The country of Namibia is famous for a lot of natural wonders — the treacherous skeleton coast, the world’s highest sand dunes, and most of the endangered black rhino population. Beyond these wonders, the country is also home to the largest non-subglacial underground lake. Located in the Otjozondjupa Region in Namibia, Dragon’s Breath Cave was discovered in 1986 and named for the moist air that can be seen from the cave’s entrance, resembling dragon’s breath. At least 16 invertebrate species live in these zero-sunlight conditions, as well as a few other species such as golden catfish, the most isolated fish in the world.

The Smallest Underground Lake

Photo courtesy of Awe-inspiring places

In a small island in the southwest Pacific, the Moqua Well sits on the island of Nauru.

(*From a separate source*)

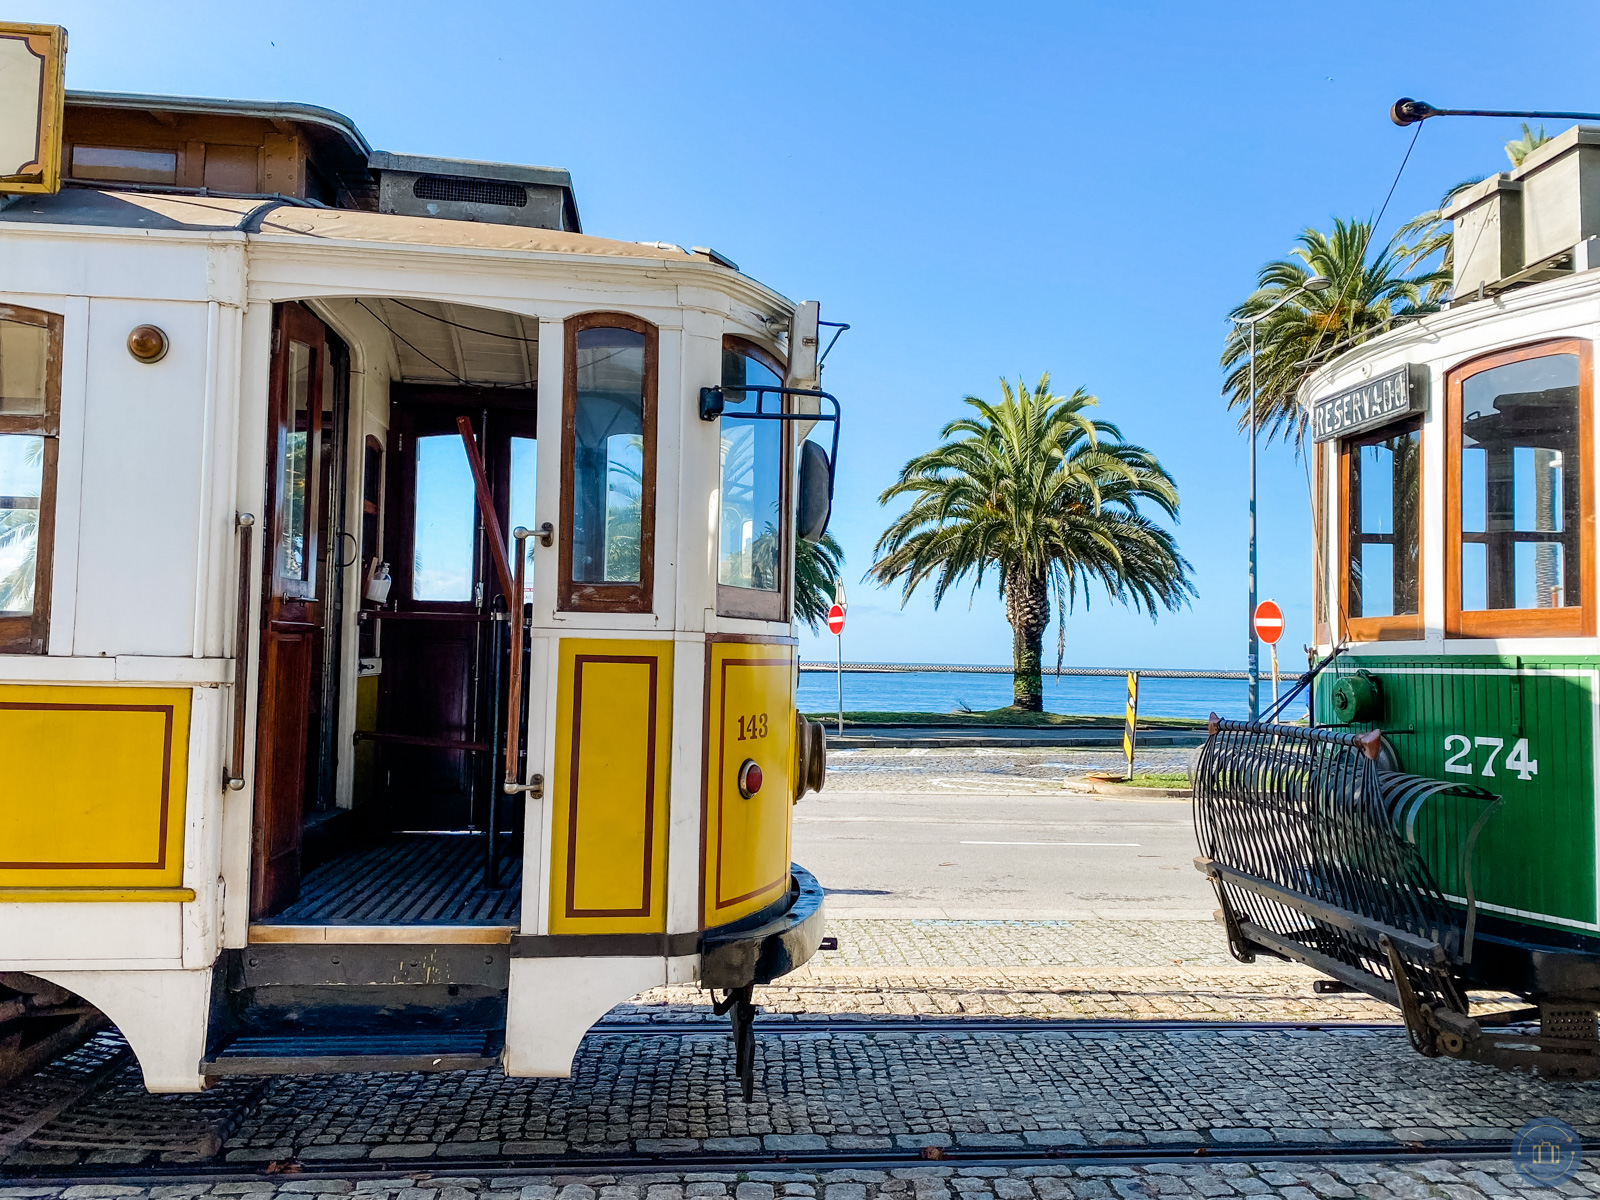 trams on street in porto portugal

In this tropical location, a limestone plateau formed low cliffs, which later produced caves. Inside, Moqua Well is a 16 foot deep freshwater lake. During World War II, this lake was a primary source of freshwater for the people living on Nauru island. Its integral nature during the war earned its name “well” instead of “lake.” After the war, it was primarily a destination for partiers to drink. However, after an inebriated man fatally fell into the well, the lake is now closed access.

The Smallest and Clearest Underground Lake

Photo courtesy of PandoTrip

Although it is larger than Moqua Well, Melissani Lake is another one of the world’s smallest underground lakes. It also happens to be a fascinating tourist attraction. Close to the mainland of Greece, it’s located in Melissani Cave on the Greek island of Kefalonia. According to Greek mythology, Melissani was the cave of the nymphs, female deities who are usually personifications of nature. Tourists have remarked on the clarity of the water, which can make boats look as though they’re floating on air. While its length is only 3 miles long, it’s beauty is breathtaking and certainly worth a visit for any travelers to Eastern Europe. 

We hope you’ve enjoyed learning about some of these underground lakes across the world!